The present invention is described above with reference to flowchart illustrations and/or block diagrams of methods, apparatus (systems) and computer program products according to embodiments of the invention. It will be understood that each block of the flowchart illustrations and/or block diagrams, and combinations of blocks in the flowchart illustrations and/or block diagrams, can be implemented by computer program instructions. These computer program instructions may be provided to a processor of a general purpose computer, special purpose computer, or other programmable data processing apparatus to produce a machine, such that the instructions, which execute via the processor of the computer or other programmable data processing apparatus, create means for implementing the functions/acts specified in the flowchart and/or block diagram block or blocks.
These computer program instructions may also be stored in a computer-readable medium that can direct a computer or other programmable data processing apparatus to function in a particular manner, such that the instructions stored in the computer-readable medium produce an article of manufacture including instruction means which implement the function/act specified in the flowchart and/or block diagram block or blocks.
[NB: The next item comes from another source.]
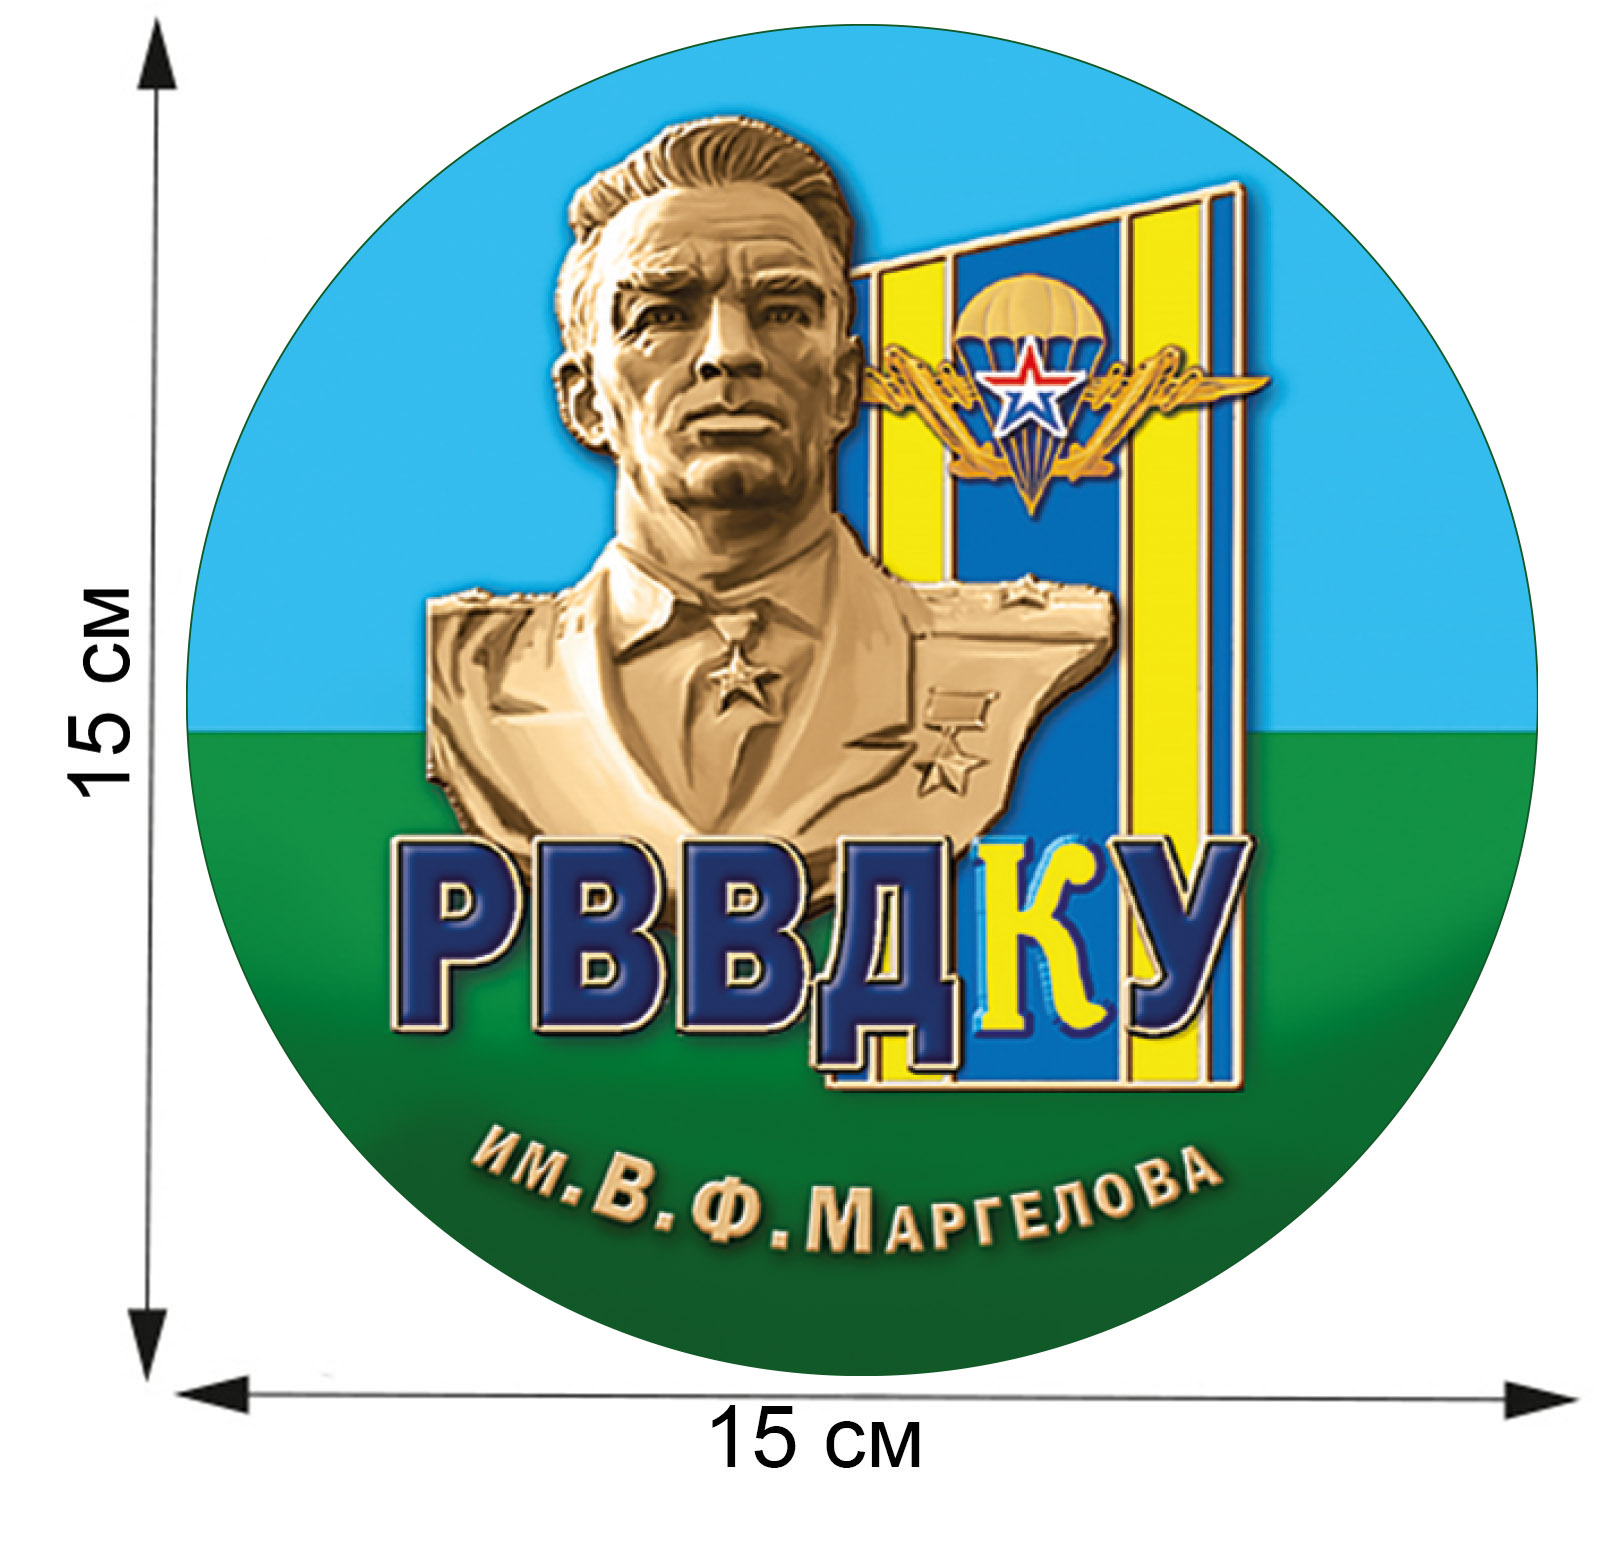 Статусная наклейка для десантников РВВДКУ по символической цене

The computer program instructions may also be loaded onto a computer or other programmable data processing apparatus to cause a series of operational steps to be performed on the computer or other programmable apparatus to produce a computer implemented process such that the instructions which execute on the computer or other programmable apparatus provide processes for implementing the functions/acts specified in the flowchart and/or block diagram block or blocks.
The flowchart and block diagrams in the Figures illustrate the architecture, functionality, and operation of possible implementations of systems, methods and computer program products according to various embodiments of the present invention. In this regard, each block in the flowchart or block diagrams may represent a module, segment, or portion of code, which comprises one or more executable instructions for implementing the specified logical function(s). It should also be noted that, in some alternative implementations, the functions noted in the block may occur out of the order noted in the figures. For example, two blocks shown in succession may, in fact, be executed substantially concurrently, or the blocks may sometimes be executed in the reverse order, depending upon the functionality involved. It will also be noted that each block of the block diagrams and/or flowchart illustration, and combinations of blocks in the block diagrams and/or flowchart illustration, can be implemented by special purpose hardware-based systems that perform the specified functions or acts, or combinations of special purpose hardware and computer instructions.
While this invention has been particularly shown and described with references to example embodiments thereof, it will be understood by those skilled in the art that various changes in form and details may be made therein without departing from the scope of the invention encompassed by the appended claims.
For example, the above described virtual environment may be a 3D or other video game, a simulation, a multi-user online virtual world or other virtual world.